What can you do? It’s a free country. If a grown woman wants to disappear in it, she can. None of the authorities we’ve spoken to has had any authority over this kind of thing, the kind of thing involving women who turn to dust in the suburbs and sweep themselves up. God knows, as the saying goes, where she’s gone. And He’s not talking.

Nor have any of the authorities expressed much concern. When we went to the Bureau of Missing Persons, everyone we spoke to took out a blank sheet of paper and wrote my mother’s name at the top, then wrote “Adult White Female” underneath it, as though that might conjure her up.

If anything, I imagine they felt sympathy for her. Looking up from that blank sheet to my father’s face, down at that emptiness again, they might have been able to imagine her life, and hoped she’d managed to escape.

“We see a hundred cases of missing wives a week,” a missing persons secretary said, laying a hand on my father’s hand, as if it would make him feel better. She had fingernails as long as hooks, a paperback book hidden under her telephone switchboard, Women Who Love Too Much, and she snuck it back out before we’d even left her desk. It seemed, that year, that every secretary in every office had that book on her desk, spine broken.

When she smiled good-bye her teeth looked false and bright.

Just once, Detective Scieziesciez came to the house. It was morning, and my father had already left for work. “Dad,” I’d shouted down to him from the upstairs bathroom while he was huffing around in the hallway waiting for me, “just go. I’ll walk. I’m going to have to be late.”

“Are you sure, Kat?”

He said it generously, but I could tell he was annoyed.
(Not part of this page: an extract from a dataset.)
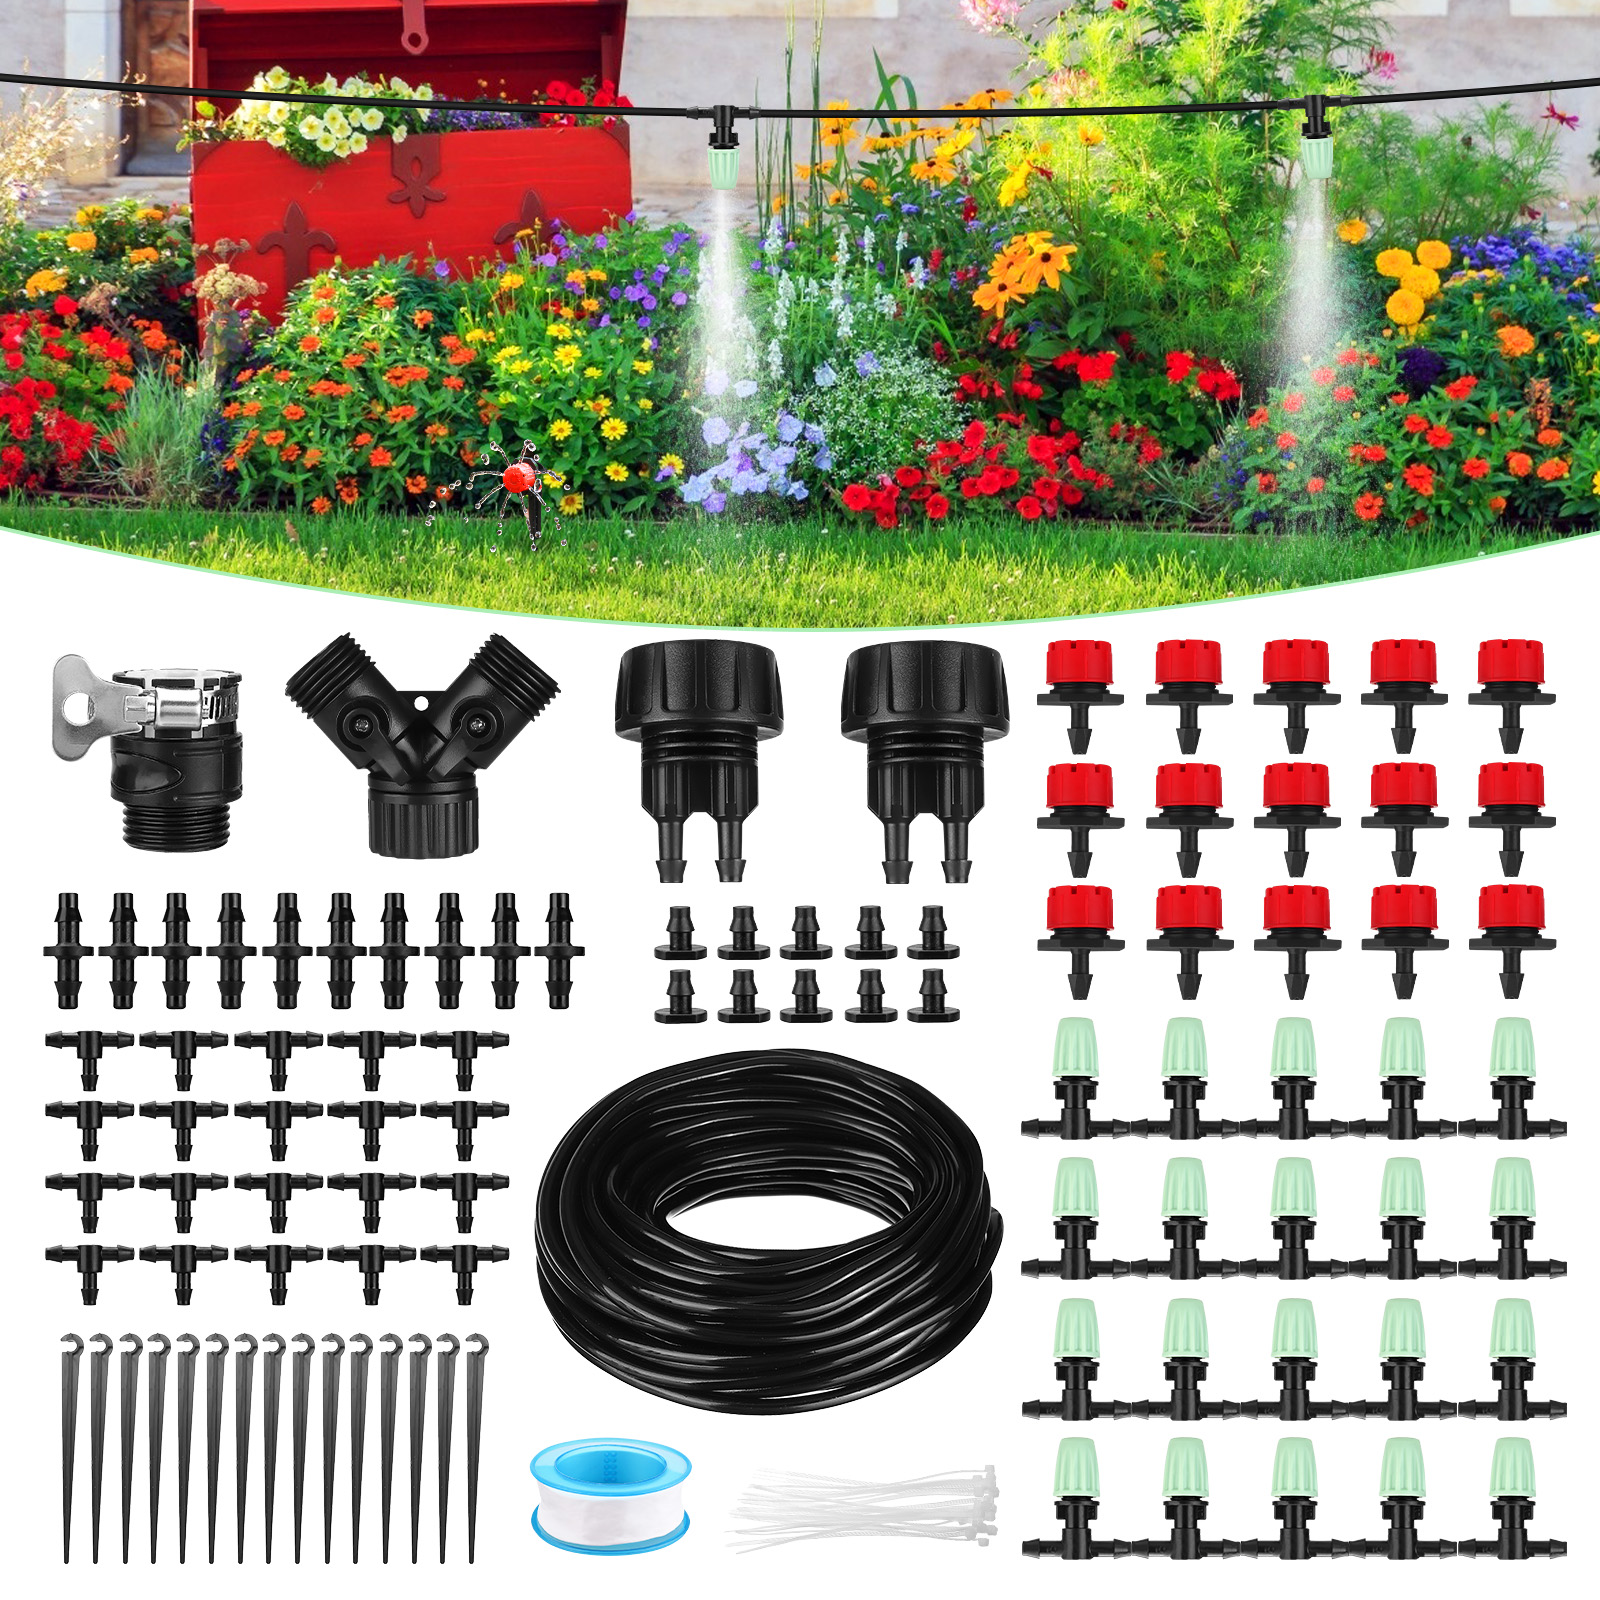 25M-Micro-Drip-Irrigation-Kit-DIY-Automatic-Drip-Irrigation-System-for-Garden-Greenhouse-Patio-1889798-2

His voice sounded thin, transparent, like a piece of cloth stretched tightly over the mouth of a jar.

Tardiness, in my father’s book, was a sin right up there next to homicide, although I knew he wouldn’t reprimand me for it. Always, we’d had a polite relationship, but since my mother disappeared, it had become even more so. It had become something formal, Victorian, lacking even the intimacy of irritation. When I said I didn’t feel well, didn’t want to go to school, or was going to be late, he never asked me why, and I suspected it might be because he was afraid I might tell him I’d gotten my period, and had cramps, or some other terrible embarassment from which neither of us would ever fully recover.

That morning, I was running late for school because I’d spent too much time trying to decide what to wear. I was upstairs, standing in the bathroom with a pile of my own discarded clothes at my feet, naked except for a flowered bra and matching panties. It had been months since my mother left, and the last thing I expected was that Detective Scieziesciez would pull up unannounced in his unmarked car.